JAKARTA,Weradio.co.id - Pemerintah sedang mengupayakan impor BBM dari Amerika Serikat untuk mengatasi kelangkaan bahan bakar di SPBU Swasta seperti Shell dan BP. Menteri Perdagangan RI Budi Santoso menyampaikan bahwa aturan rencana impor bahan bakar minyak (BBM) dari Amerika Serikat (AS) masih dalam proses pembahasan lintas kementerian.
Ia mengatakan, pihaknya sudah menyampaikan surat kepada Kementerian Koordinator Bidang Perekonomian.
"Ya sekarang masih progres terus ya, kan itu nanti sesuai PP Nomor 29 Tahun 2021, itu kan masuk lartas (larangan dan/atau pembatasan) ya. Pengenaan lartas itu kan harus dirapatkan atau dikurasi oleh Kemenko Perekonomian. Jadi kami sudah komunikasi dan sudah menyampaikan surat juga ke Kemenko Perekonomian," kata Budi seperti dikutip Weradio.co.id dari antara.
Sebab, Peraturan Pemerintah (PP) Nomor 29 Tahun 2021 itu mengatur tentang penyelenggaraan perdagangan, termasuk ekspor dan impor.
BACA JUGA:KPK Ungkap Salah Satu Modus Korupsi Kuota Haji
Impor BBM masuk kategori lartas. Artinya, meskipun impor bisa dilakukan, mekanismenya harus diatur ketat serta mendapat persetujuan lintas kementerian/lembaga.
Sebagaimana diketahui, rencana impor BBM ini digagas Kementerian Energi dan Sumber Daya Mineral (ESDM) untuk mengatasi kelangkaan bensin di sejumlah stasiun pengisian bahan bakar umum (SPBU) swasta, seperti Shell dan bp (British Petroleum) yang terjadi sejak Agustus 2025.
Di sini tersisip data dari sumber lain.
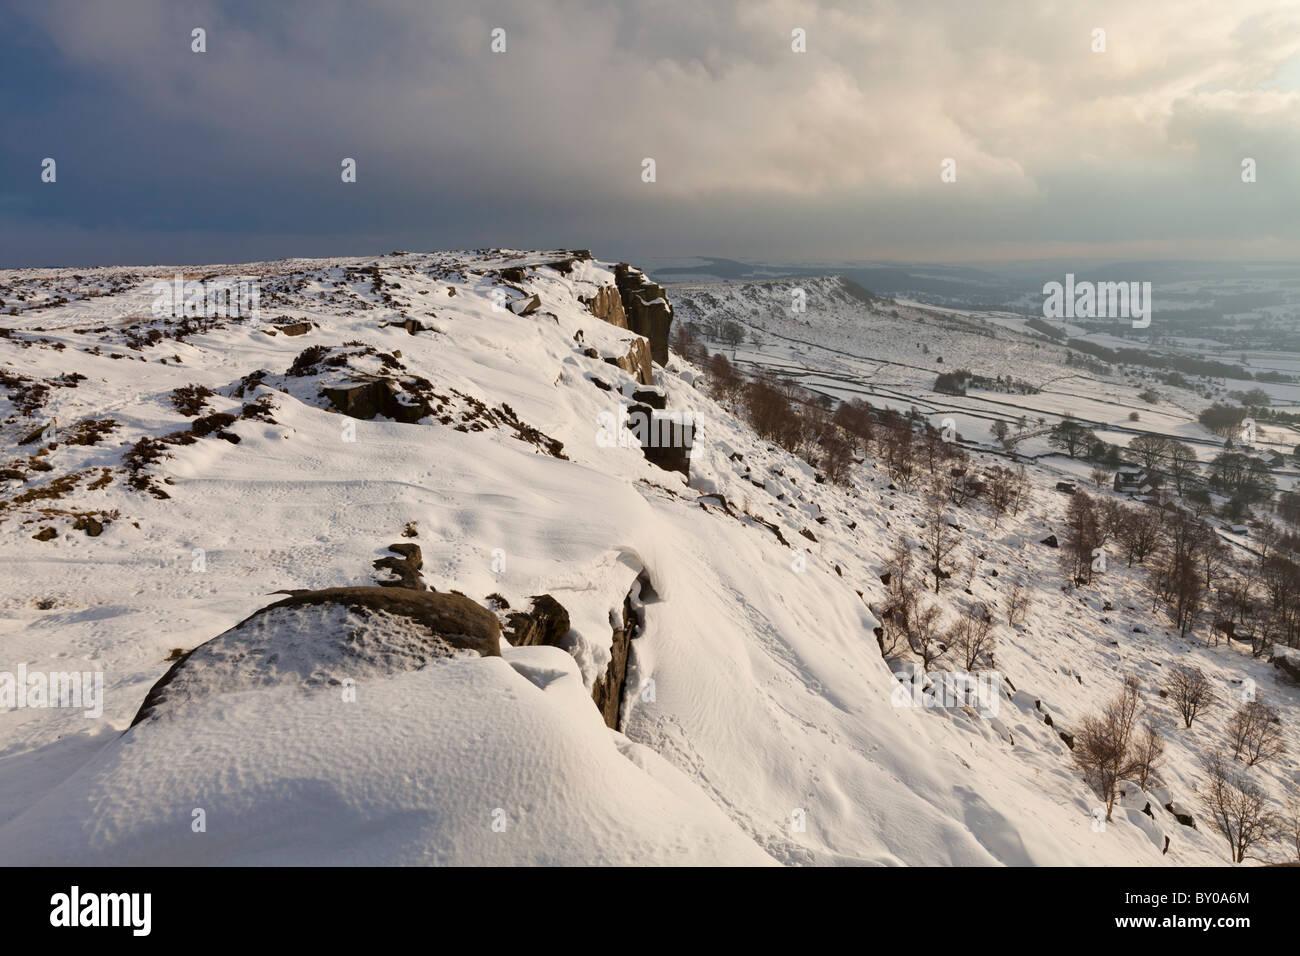 Froggatt edge countryside in the snow Derbyshire England GB UK EU Europe - Stock Image

Sebelumnya, Wakil Menteri ESDM Yuliot Tanjung menjelaskan bahwa impor tersebut juga bertujuan memenuhi komitmen neraca perdagangan Indonesia dengan Amerika Serikat.
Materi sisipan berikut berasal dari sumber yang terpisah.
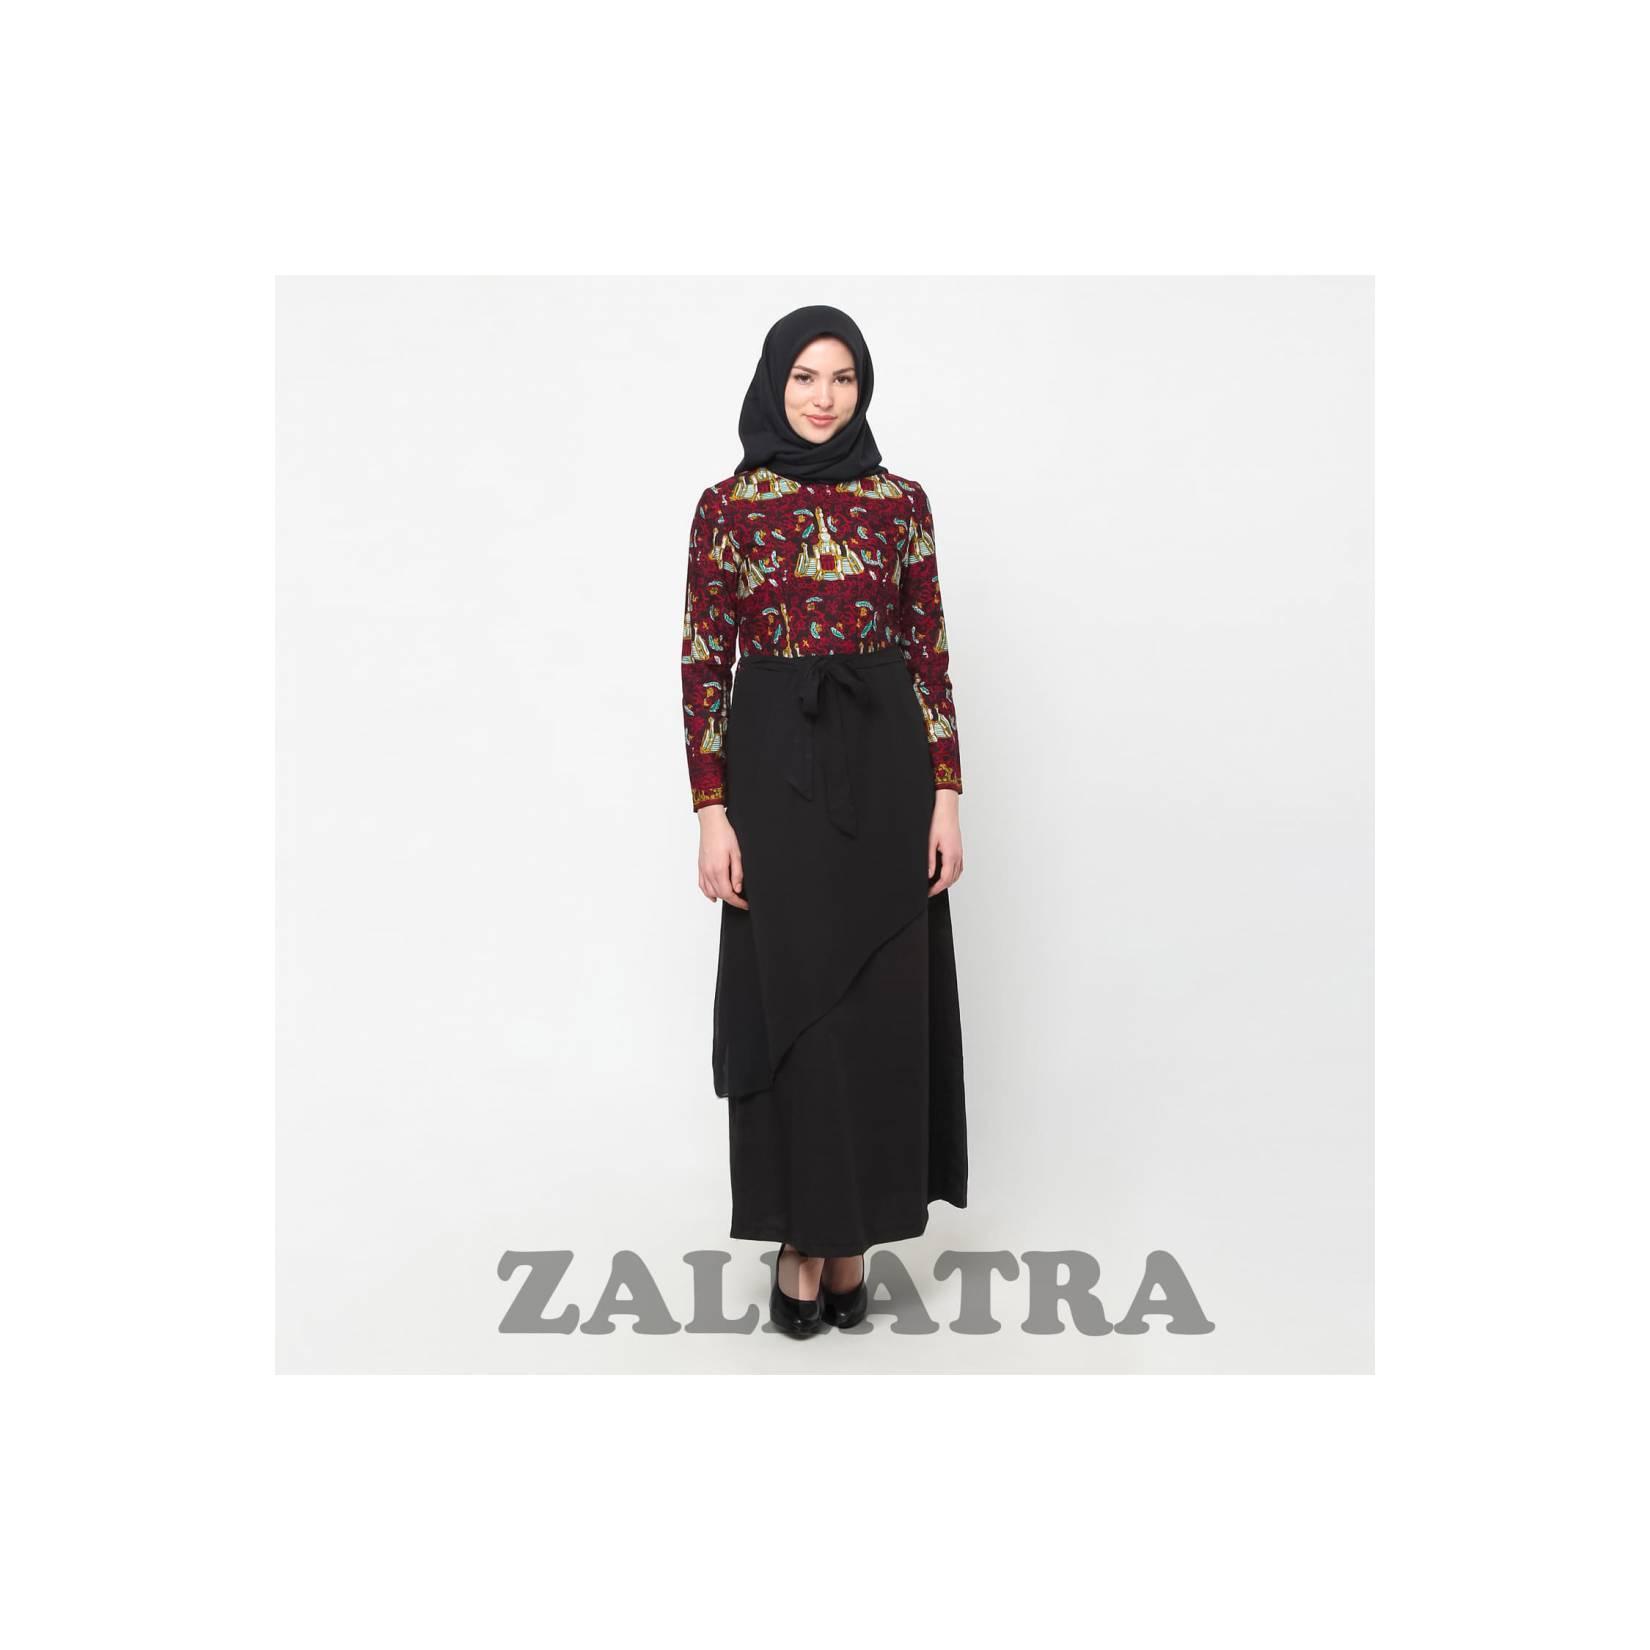 Gamis Batik Wanita Asli Jambi Berkualias - Zallatra GM04

Ia menyebut perusahaan migas AS seperti ExxonMobil dan Chevron sebagai opsi pemasok.
BACA JUGA:Pelaku Penembakan Staf KBRI Lima Zetro Leonardo Purba Terungkap
“Itu kan perusahaan AS. Jadi, dari mana pun mereka melakukan pengadaan, itu terserah. Tetapi ini kami catatkan sebagai trade balance Indonesia dengan Amerika,” tuturnya.
1,4 Juta Kilo Liter
Lebih lanjut, Yuliot memperkirakan Indonesia perlu mengimpor bahan bakar minyak (BBM) sebesar 1,4 juta kiloliter (KL), berdasarkan data sementara yang dikumpulkan.
Volume tersebut diperoleh dari akumulasi peralihan masyarakat yang sebelumnya menggunakan BBM bersubsidi (Pertalite) menuju BBM nonsubsidi.
“Jadi, untuk kebutuhan yang disampaikan, data sementara 1,4 juta KL, jadi itu nanti berapa porsi Pertamina, berapa porsi badan usaha,” kata dia.